YOUR INSTRUCTIONS -
Give again, word for word, every line in the entries below from the line with "Insectos de europa" up to and including the line with "Мишустин встретился с Путиным", and no other line.

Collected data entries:
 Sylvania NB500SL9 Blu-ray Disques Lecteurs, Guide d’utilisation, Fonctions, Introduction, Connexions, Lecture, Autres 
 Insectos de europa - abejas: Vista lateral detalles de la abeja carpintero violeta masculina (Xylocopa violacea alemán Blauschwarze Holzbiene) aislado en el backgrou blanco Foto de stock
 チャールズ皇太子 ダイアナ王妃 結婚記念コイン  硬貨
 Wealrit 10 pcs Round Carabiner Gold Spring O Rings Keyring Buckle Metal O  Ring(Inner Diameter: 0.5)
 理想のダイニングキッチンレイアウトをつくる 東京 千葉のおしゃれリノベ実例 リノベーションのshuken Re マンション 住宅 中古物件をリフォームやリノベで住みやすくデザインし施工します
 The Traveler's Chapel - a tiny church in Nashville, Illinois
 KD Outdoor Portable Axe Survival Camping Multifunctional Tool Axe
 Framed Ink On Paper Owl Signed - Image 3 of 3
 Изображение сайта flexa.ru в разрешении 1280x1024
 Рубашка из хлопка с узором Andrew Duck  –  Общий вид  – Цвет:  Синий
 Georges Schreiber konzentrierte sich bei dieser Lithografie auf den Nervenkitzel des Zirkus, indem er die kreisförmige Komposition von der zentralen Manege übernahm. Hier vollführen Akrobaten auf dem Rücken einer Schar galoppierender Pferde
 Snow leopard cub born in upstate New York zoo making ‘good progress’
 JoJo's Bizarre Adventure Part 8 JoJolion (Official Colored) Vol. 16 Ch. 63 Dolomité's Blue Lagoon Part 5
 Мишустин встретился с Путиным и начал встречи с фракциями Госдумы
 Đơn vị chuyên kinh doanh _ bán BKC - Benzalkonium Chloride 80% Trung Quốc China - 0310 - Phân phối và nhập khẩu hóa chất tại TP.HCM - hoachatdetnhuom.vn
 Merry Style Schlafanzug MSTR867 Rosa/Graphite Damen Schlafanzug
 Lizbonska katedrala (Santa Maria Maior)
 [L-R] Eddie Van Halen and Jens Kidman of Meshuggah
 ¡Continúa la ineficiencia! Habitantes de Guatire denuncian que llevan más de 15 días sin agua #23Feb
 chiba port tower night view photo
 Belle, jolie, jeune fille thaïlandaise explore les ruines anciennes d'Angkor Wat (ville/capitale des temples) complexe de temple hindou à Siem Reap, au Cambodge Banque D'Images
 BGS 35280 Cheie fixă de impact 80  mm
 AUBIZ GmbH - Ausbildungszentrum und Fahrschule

EXPECTED ANSWER -
 Insectos de europa - abejas: Vista lateral detalles de la abeja carpintero violeta masculina (Xylocopa violacea alemán Blauschwarze Holzbiene) aislado en el backgrou blanco Foto de stock
 チャールズ皇太子 ダイアナ王妃 結婚記念コイン  硬貨
 Wealrit 10 pcs Round Carabiner Gold Spring O Rings Keyring Buckle Metal O  Ring(Inner Diameter: 0.5)
 理想のダイニングキッチンレイアウトをつくる 東京 千葉のおしゃれリノベ実例 リノベーションのshuken Re マンション 住宅 中古物件をリフォームやリノベで住みやすくデザインし施工します
 The Traveler's Chapel - a tiny church in Nashville, Illinois
 KD Outdoor Portable Axe Survival Camping Multifunctional Tool Axe
 Framed Ink On Paper Owl Signed - Image 3 of 3
 Изображение сайта flexa.ru в разрешении 1280x1024
 Рубашка из хлопка с узором Andrew Duck  –  Общий вид  – Цвет:  Синий
 Georges Schreiber konzentrierte sich bei dieser Lithografie auf den Nervenkitzel des Zirkus, indem er die kreisförmige Komposition von der zentralen Manege übernahm. Hier vollführen Akrobaten auf dem Rücken einer Schar galoppierender Pferde
 Snow leopard cub born in upstate New York zoo making ‘good progress’
 JoJo's Bizarre Adventure Part 8 JoJolion (Official Colored) Vol. 16 Ch. 63 Dolomité's Blue Lagoon Part 5
 Мишустин встретился с Путиным и начал встречи с фракциями Госдумы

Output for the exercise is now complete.